Lifelong learning (also known as continual learning), encompasses many research questions and concrete applicative challenges. What we work on can be roughly organized along the following research lines:

  1. Starting from the strongest possible model. Lifelong learning can be made better by acting at the stage of pretraining so our strategies are designed to produce models that generalize better when exposed to new tasks or new domains.
  2. Adapting models efficiently while mitigating catastrophic forgetting. We develop efficient adaptation techniques so that our models can adapt to new data and new tasks, whilst retaining what was learned from previous data and tasks.
  3. Leveraging generative AI. When prompted with text, recent tools can automatically generate new images from scratch or alter existing ones. We leverage these tools to improve and extend existing perception pipelines.
  4. Towards universal models. Pretrained models have become a commodity and, individually, they obtain strong results on a broad range of tasks. They also tend to be complementary. We aim at reconciling multiple models towards a single, universal one with broader applicability.

 

1: Pretraining strong models

Until recently, the success of deep learning in computer vision was mostly fueled by large quantities of data, annotated with fine-grained annotation labels. This led to strong models which were used to initialise dedicated ones for most computer vision tasks. The data and, more importantly, the labels have always been difficult to acquire. To overcome this limitation, we’ve explored ways to train visual representations with self-supervison such as our MoCHi method (Mixing of Contrastive Hard negatives) or with weak supervision. In weak supervision in 2022 we pioneered the learning of visual representation from scratch using the textual captions/descriptions that come with them with ICMLM (Image Conditioned Masked Language Modeling). This idea has since been pushed to much larger scales in large pretrained multimodal models such as CLIP. When labels are available, we’ve used them to help in pretraining large models and our generalization benchmarks such as CoG (Concept Generalization in VRL) have shown that self-supervised models tend to generalize better, whereas our recent t-ReX model is an example of a supervised model with good generalization properties.

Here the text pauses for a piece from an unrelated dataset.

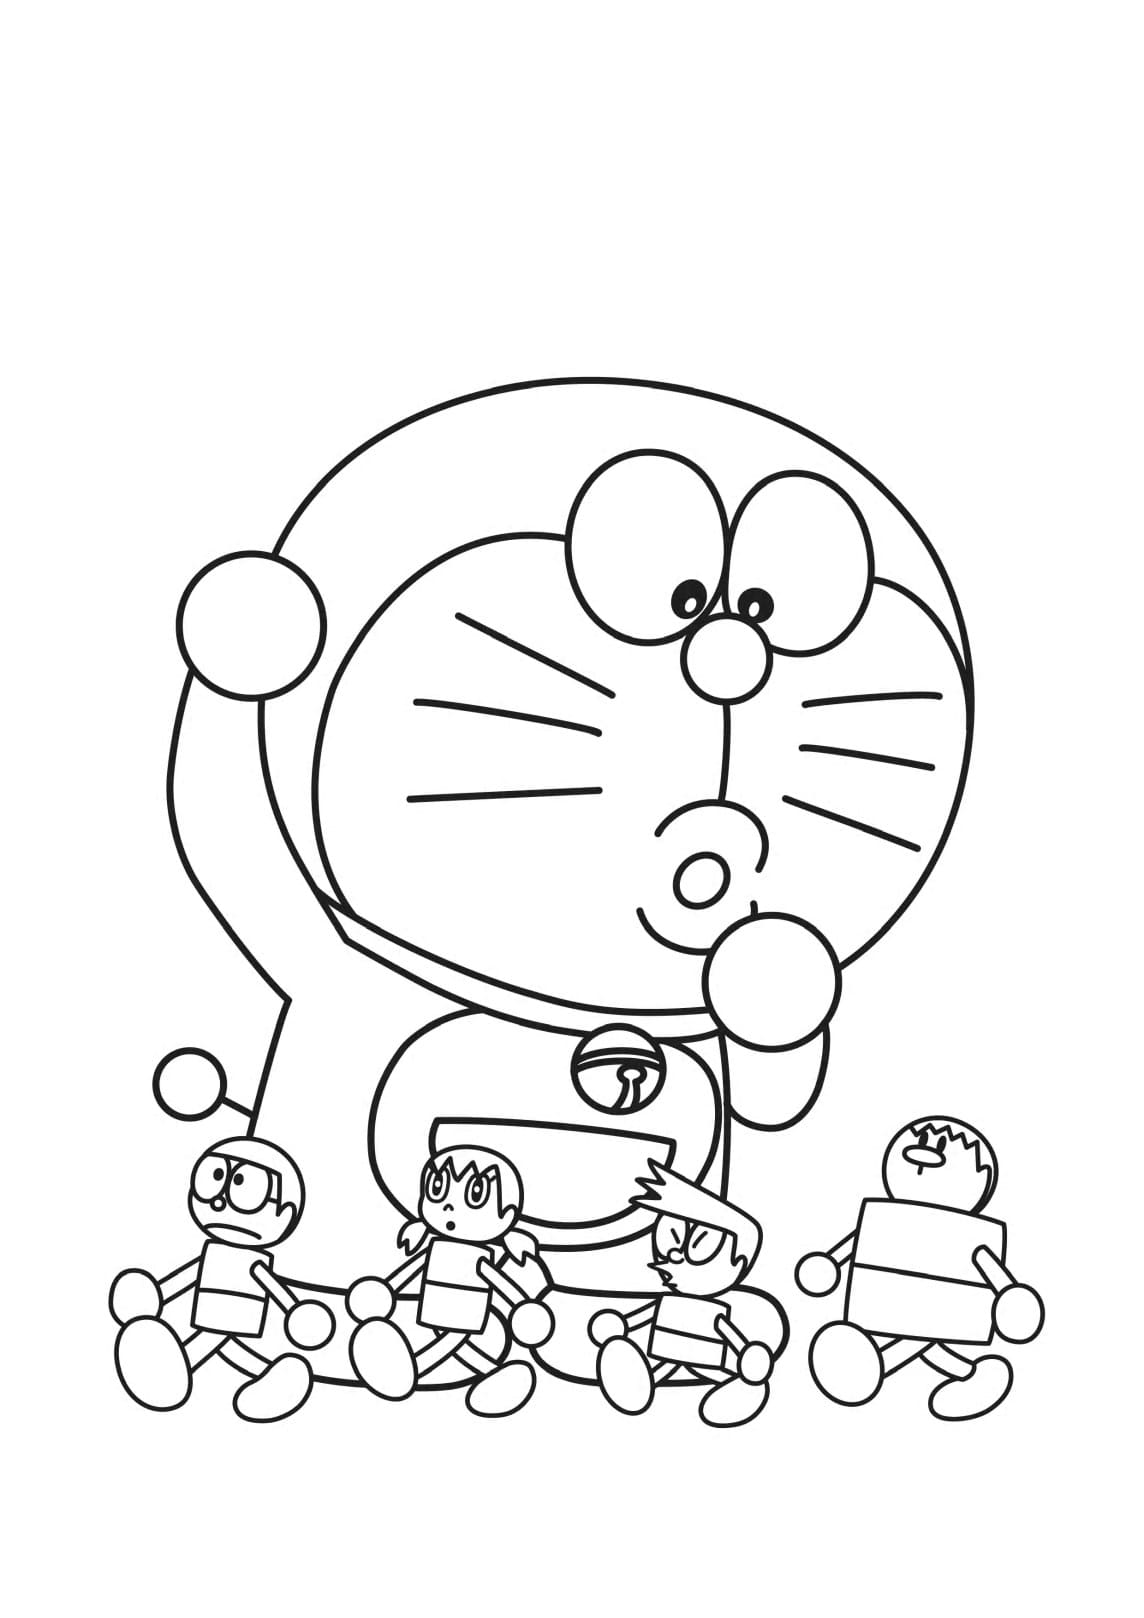 Doraemon-Ausmalbilder-ausmalbilderkinder.de-40

2: Adapting models while mitigating catastrophic forgetting

The term catastrophic forgetting is used to describe the fact that neural networks, after being updated, tend to forget previous training. These updates can come with a distribution shift such as moving from daylight to night scenes. This distribution can vary across batches of data as shown in or can gradually vary, illustrated in the OASIS (Online Adaptation for Semantic Image Segmentation) video below. We’ve also explored class incremental learning for semantic segmentation in RASP (Relation Aware Semantic Prior for weakly supervised incremental segmentation) and novel class discovery for detection in PANDAS (Prototype-based novel class discovery and detection) and we’re interested in many more scenarios.

This video shows how our proposed continual learning online adaptation method on the right applied to image segmentation (classes listed in boxes), compares to image segmentation without adaptation (left) or with a Naive continual learning method (middle) which suffers from catastrophic forgetting where the classes are forgotten over time.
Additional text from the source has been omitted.